_WORK INSTRUCTIONS:_ Each and every line below goes into your answer unchanged, but leave out the images.

_SOURCE DATA:_
|---|
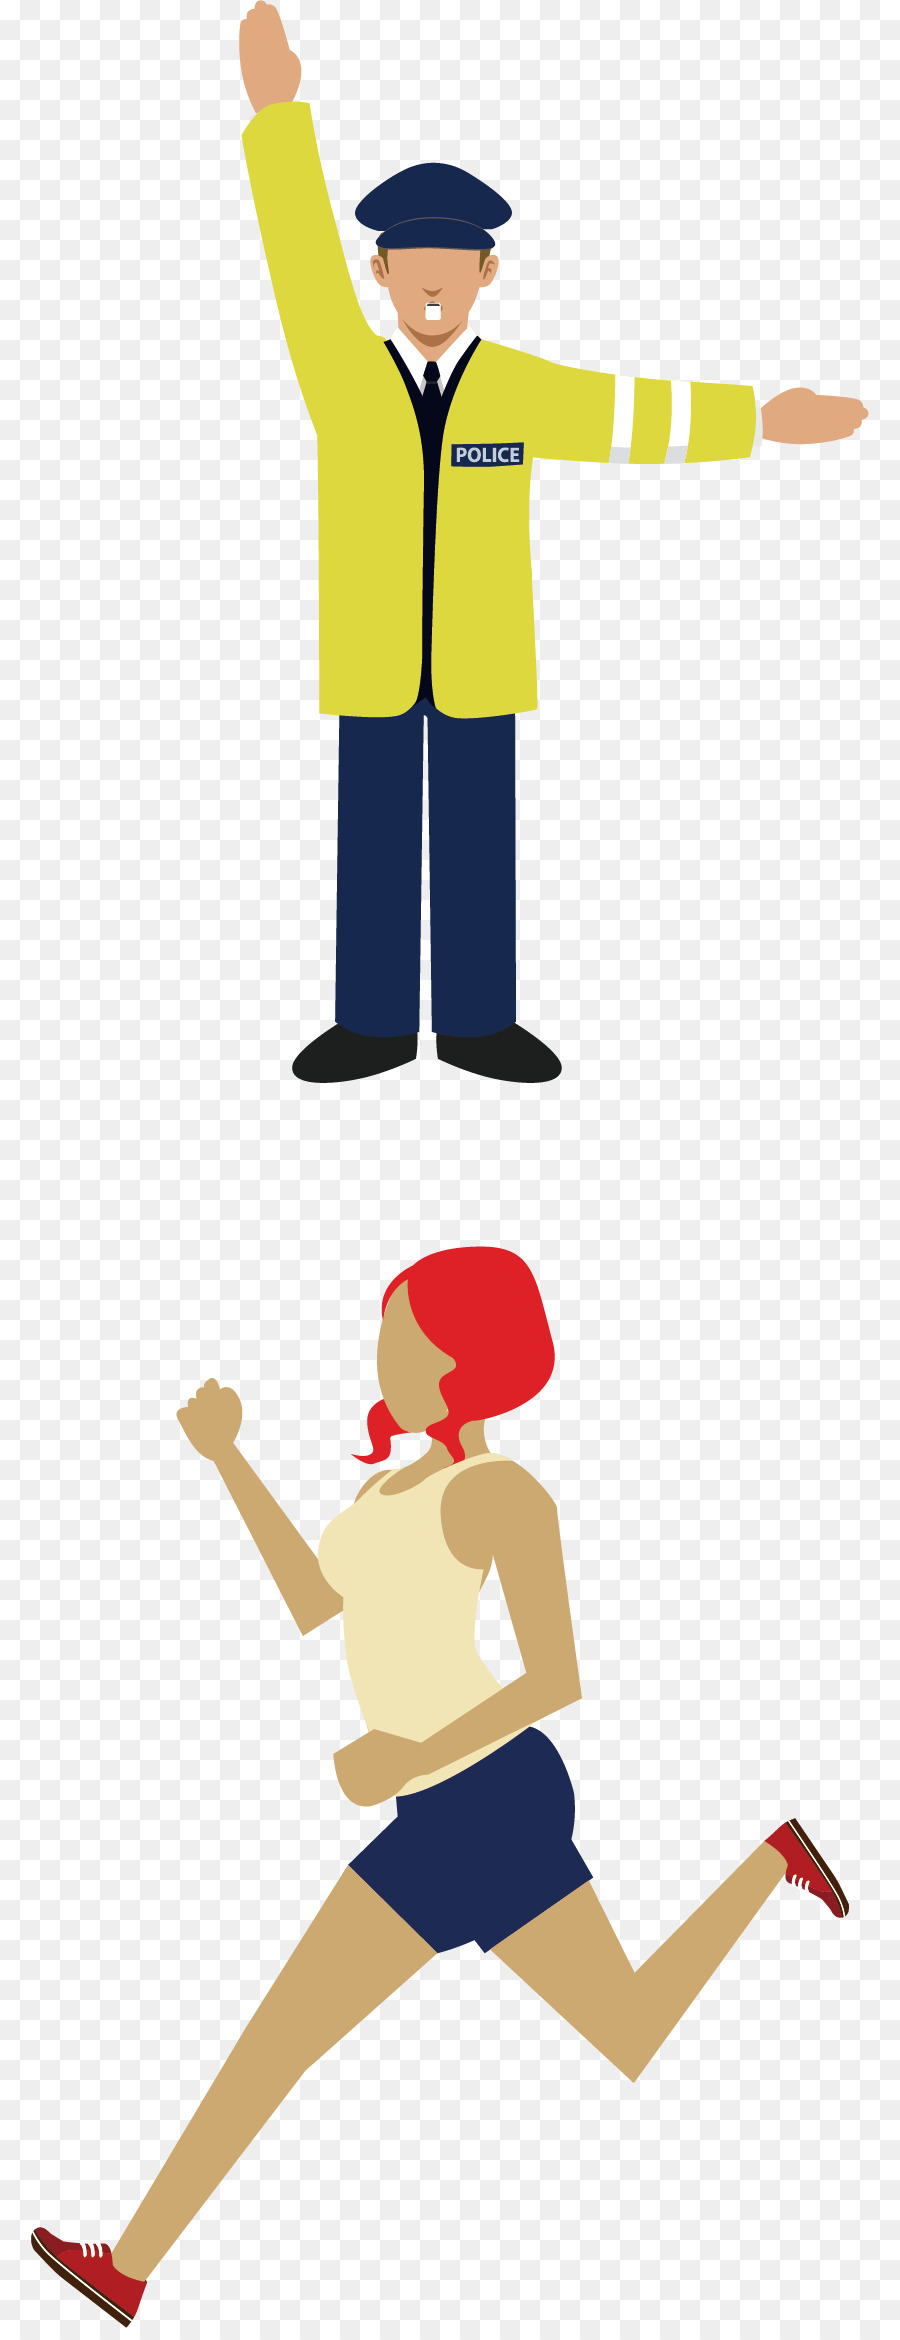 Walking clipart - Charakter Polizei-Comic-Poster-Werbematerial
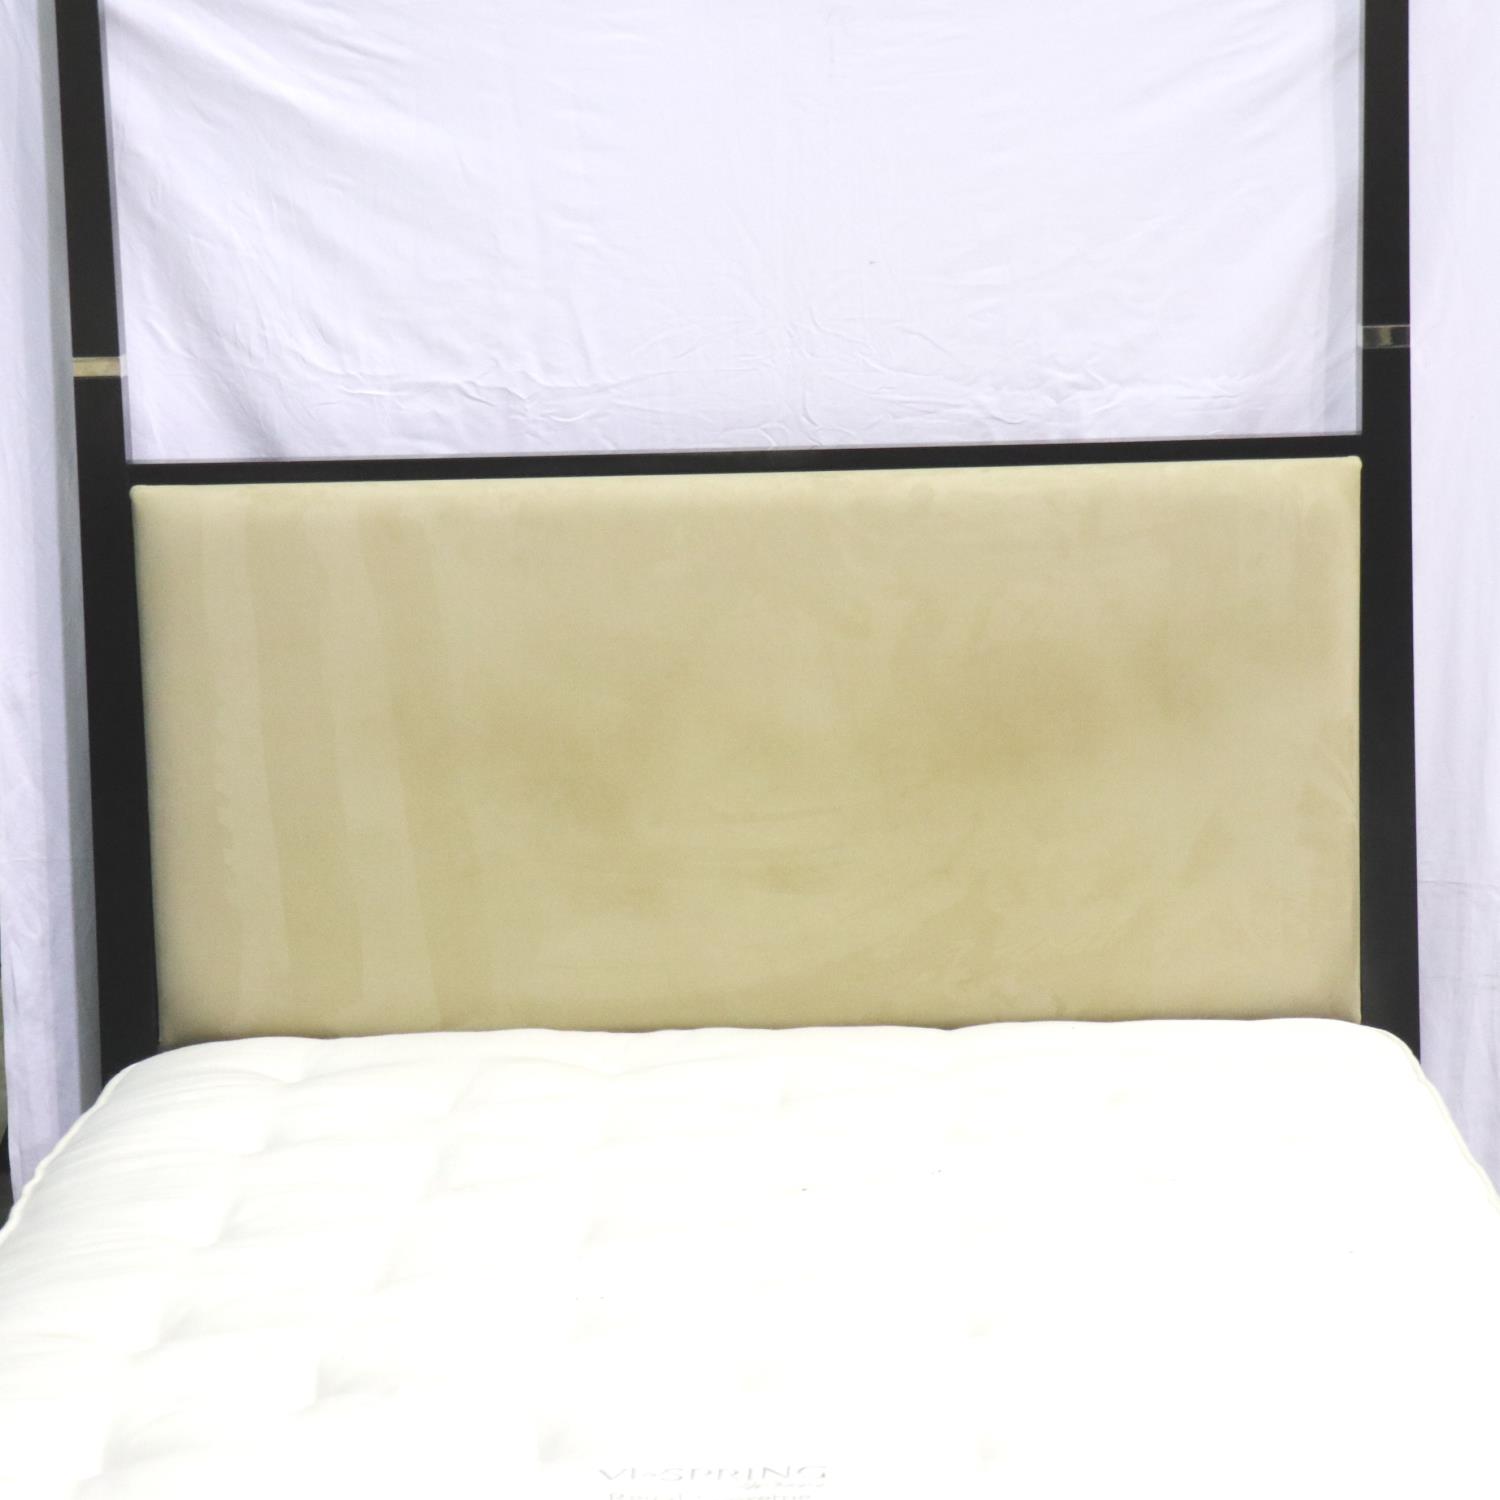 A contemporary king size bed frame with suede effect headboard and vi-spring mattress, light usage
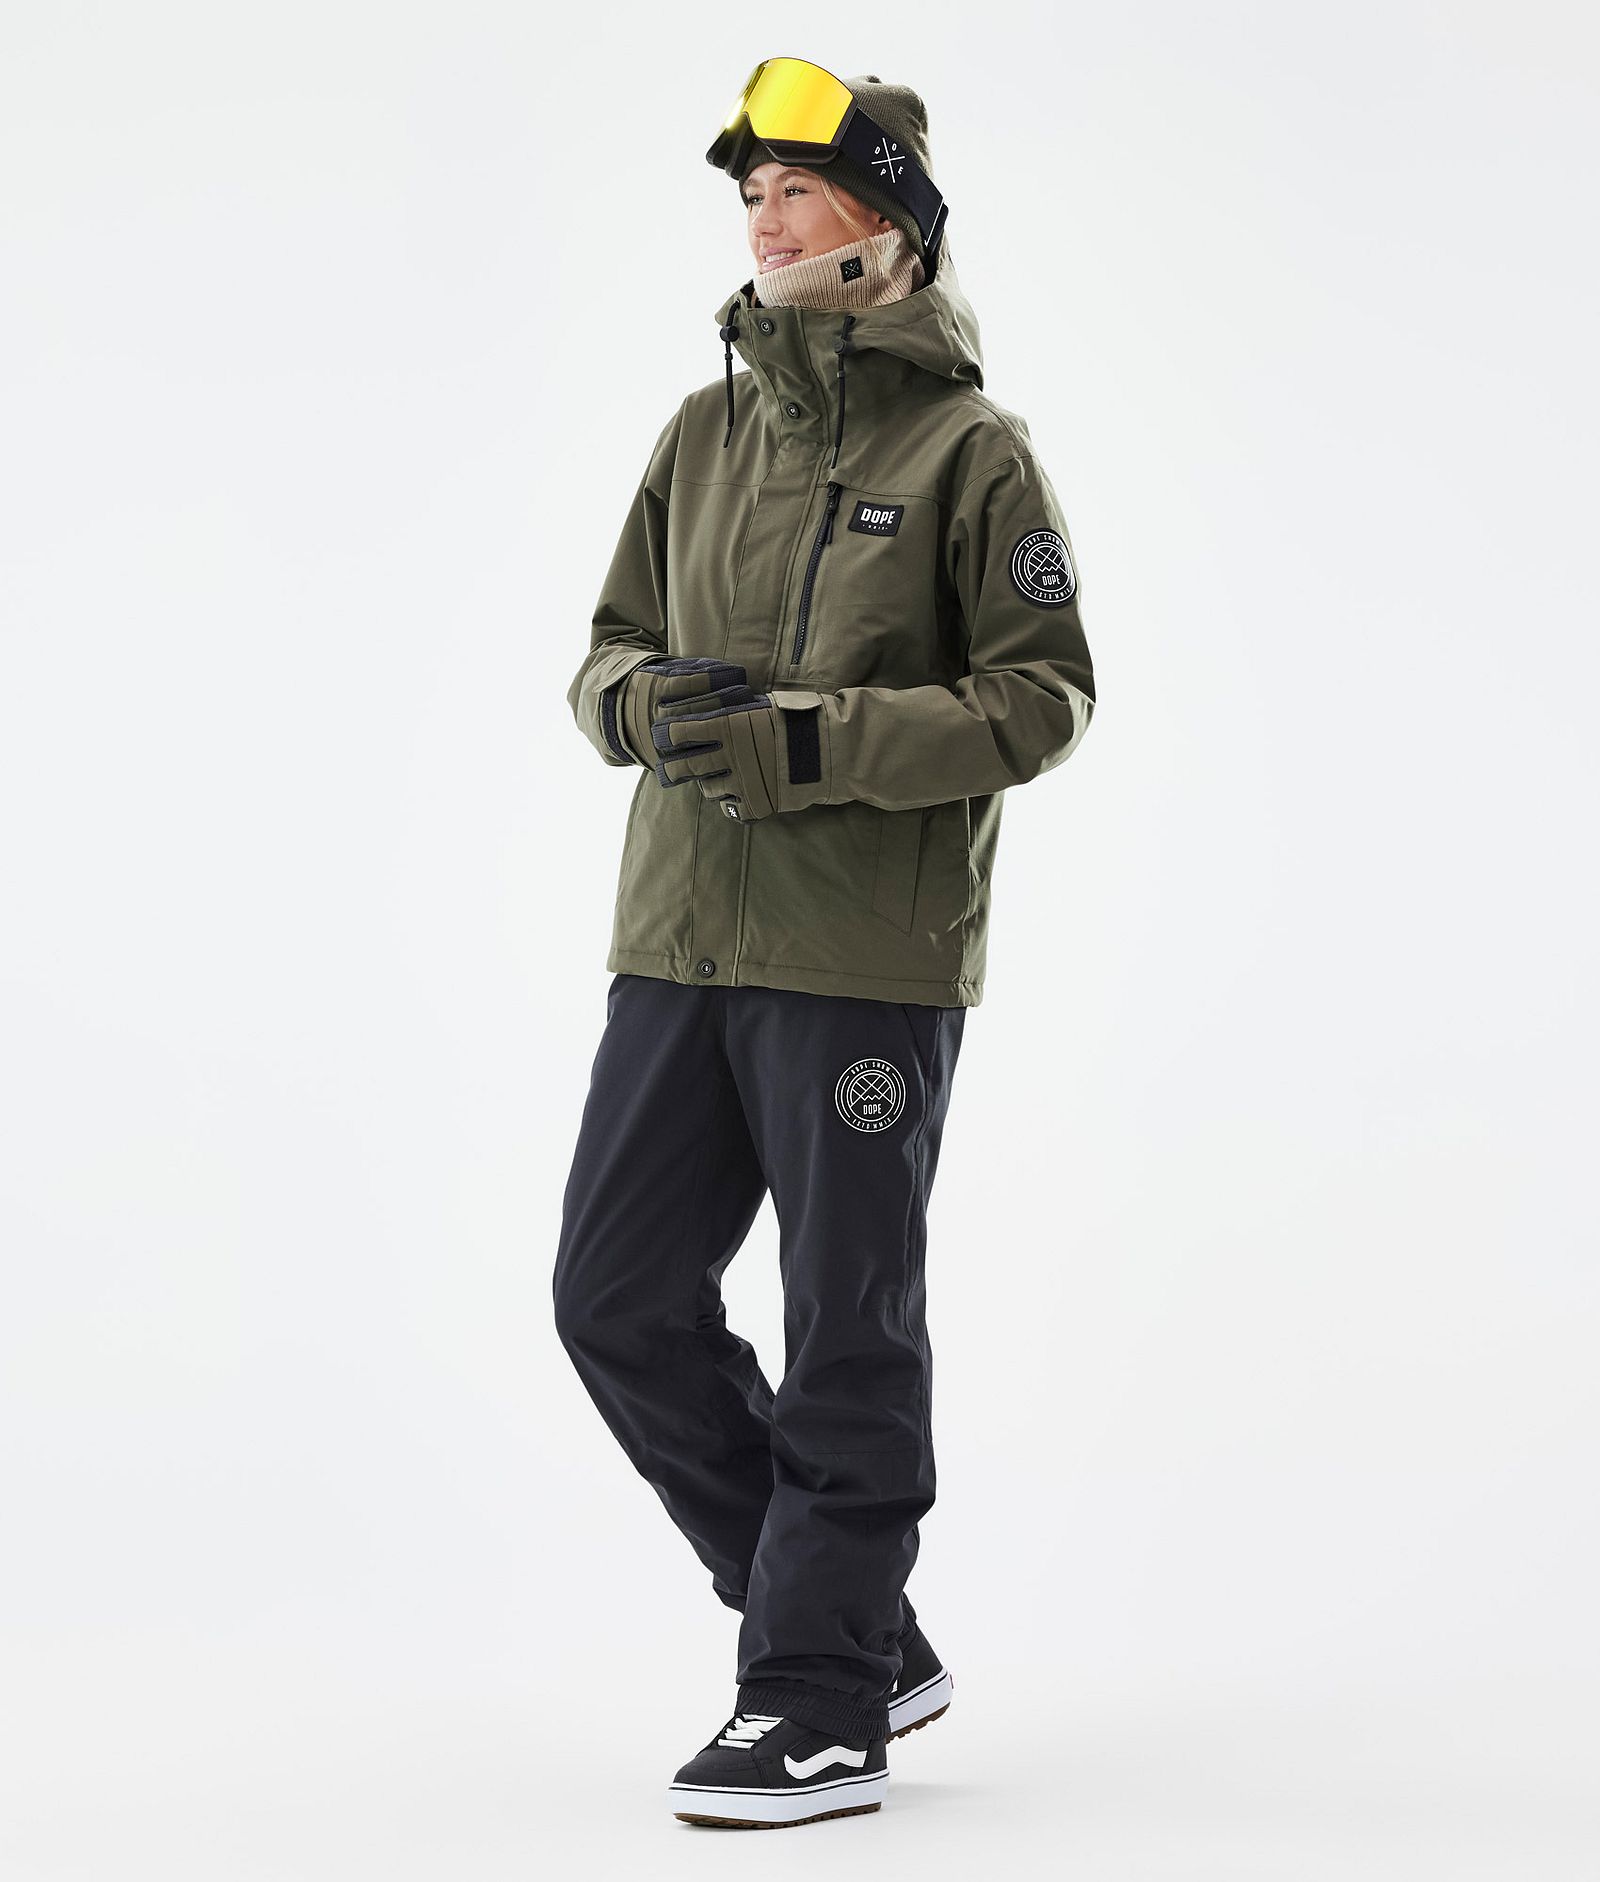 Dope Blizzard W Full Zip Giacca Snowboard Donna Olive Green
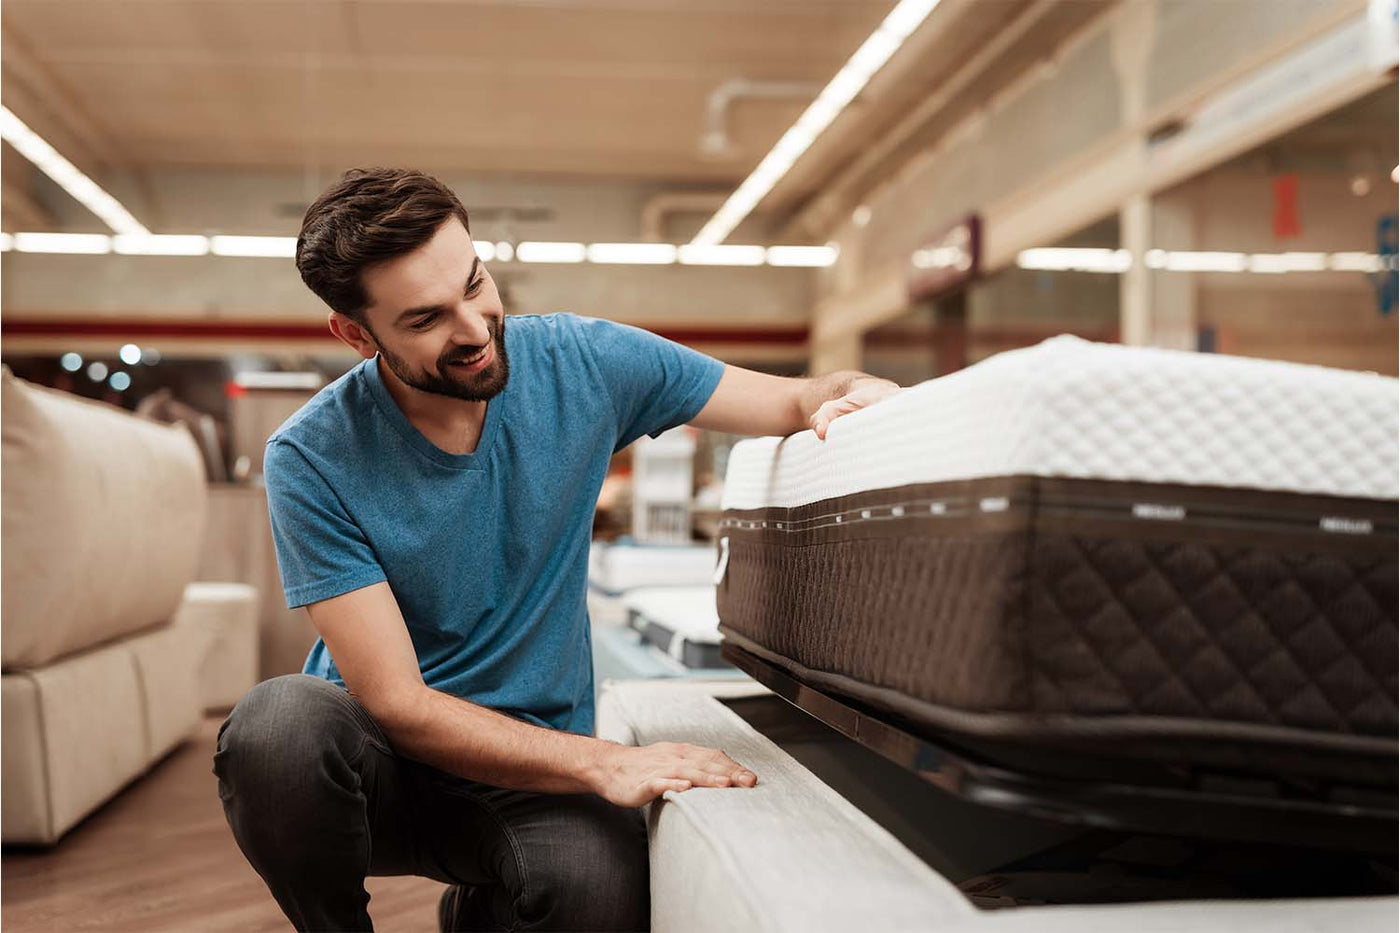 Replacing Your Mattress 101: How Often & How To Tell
|---|
_SOLUTION BELOW:_
 Walking clipart - Charakter Polizei-Comic-Poster-Werbematerial
 A contemporary king size bed frame with suede effect headboard and vi-spring mattress, light usage
 Dope Blizzard W Full Zip Giacca Snowboard Donna Olive Green
 Replacing Your Mattress 101: How Often & How To Tell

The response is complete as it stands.